安心した。2人が来たことに根拠の無い安堵が湧き上がり、気が緩んだ。
元々不安定だった結界に意識が逸れた瞬間綻びが生まれ、拘束を破った呪霊が真っ直ぐに家入に向かった。
これは完全に予想外の動きだった。
前門に兎、後門に虎2匹ならウサギを狙うだろう。狙われるならまず大堰自身。そう考えていた予想を最悪の形で裏切ってくれた。

(勘弁してくれ、そんな呪力残ってねえぞ)

眼前に呪霊が迫る中、身を守るより先に患者を庇う家入の姿が見えた。

「かっけえなあ…」

出し渋っていたのが馬鹿みたいではないか。

(あんまし高精度なこたあできねえぞ)

照準を呪霊に固定。
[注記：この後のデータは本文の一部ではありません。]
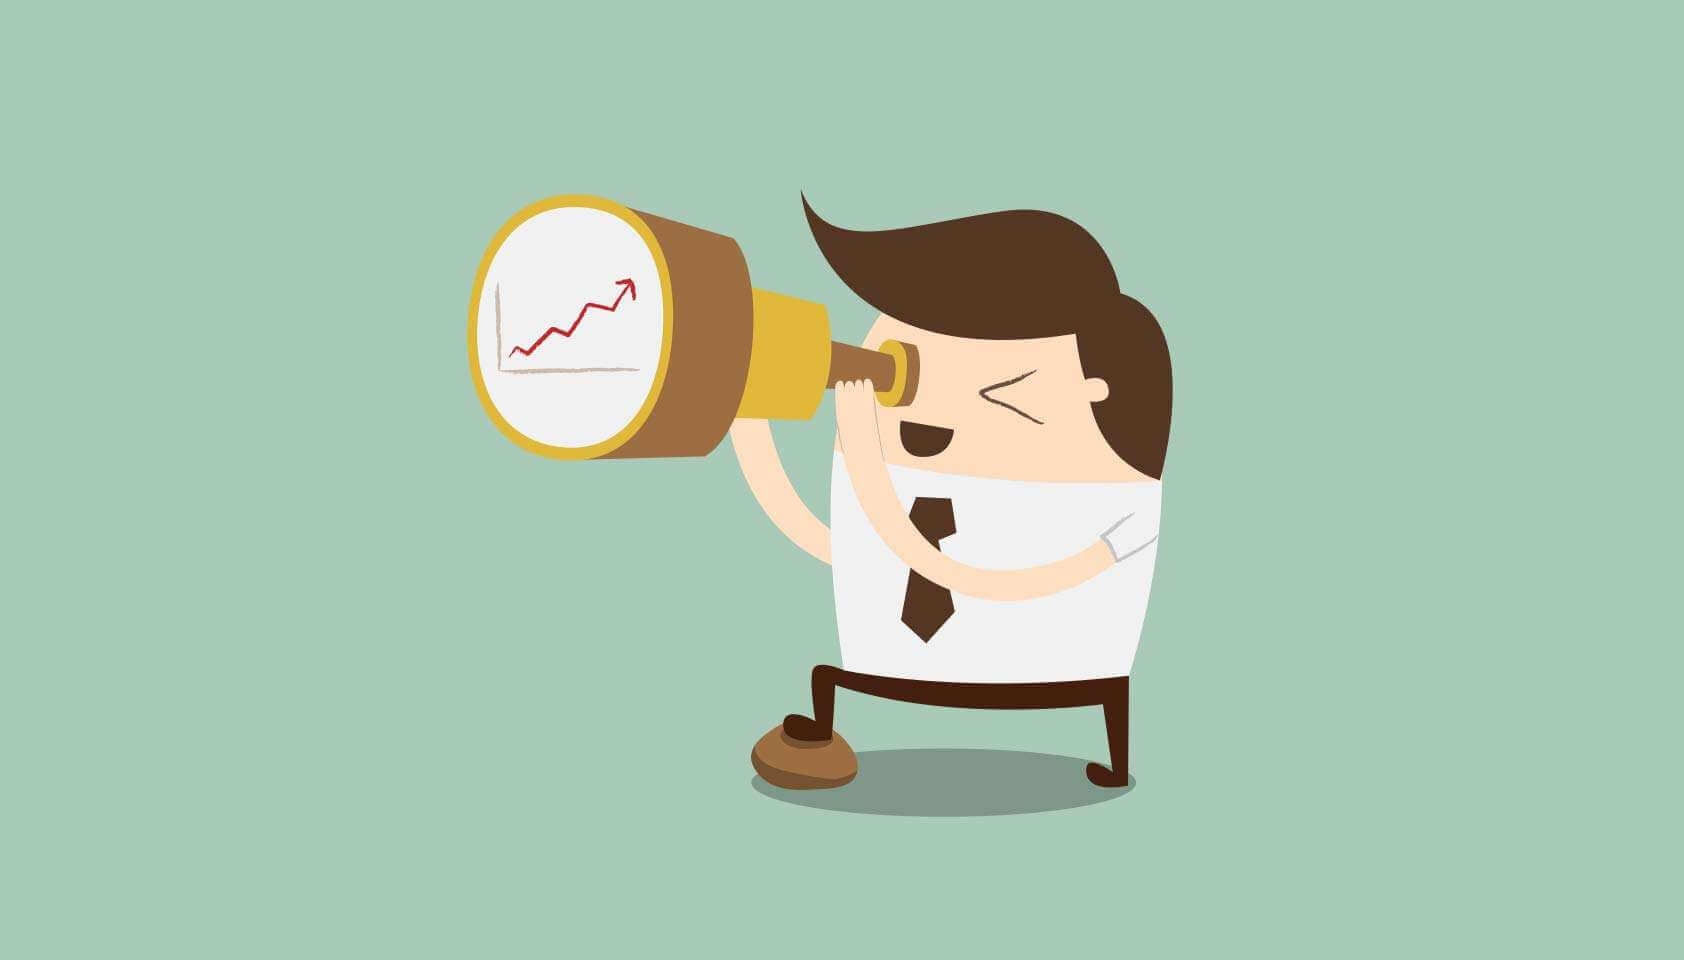 33 dicas e estatísticas para alavancar conversões e melhorar sua UX

方向を可能な限り絞り、ありったけの呪力を流し込む。

術式反転


「爆」



爆発の起点は呪霊中心よりやや左。
人で言えば脇腹の辺りを抉った爆発は、呪霊を壁まで吹き飛ばした。

「トドメ!」

それからは早かった。
五条と夏油の見事なコンビネーションにより呪霊は祓われた。
生存者12名。遺体があるものが6名。
当初報告されていた人数にも2人足りない。
しかし、特級相当の呪霊が出現したことを考えると優を超えて秀を付けられても尚不足と言えるだろう。

削られまくった呪力を空にした大堰は案の定まともに動くこともできず、夏油に背負われ乍らの帰還となった。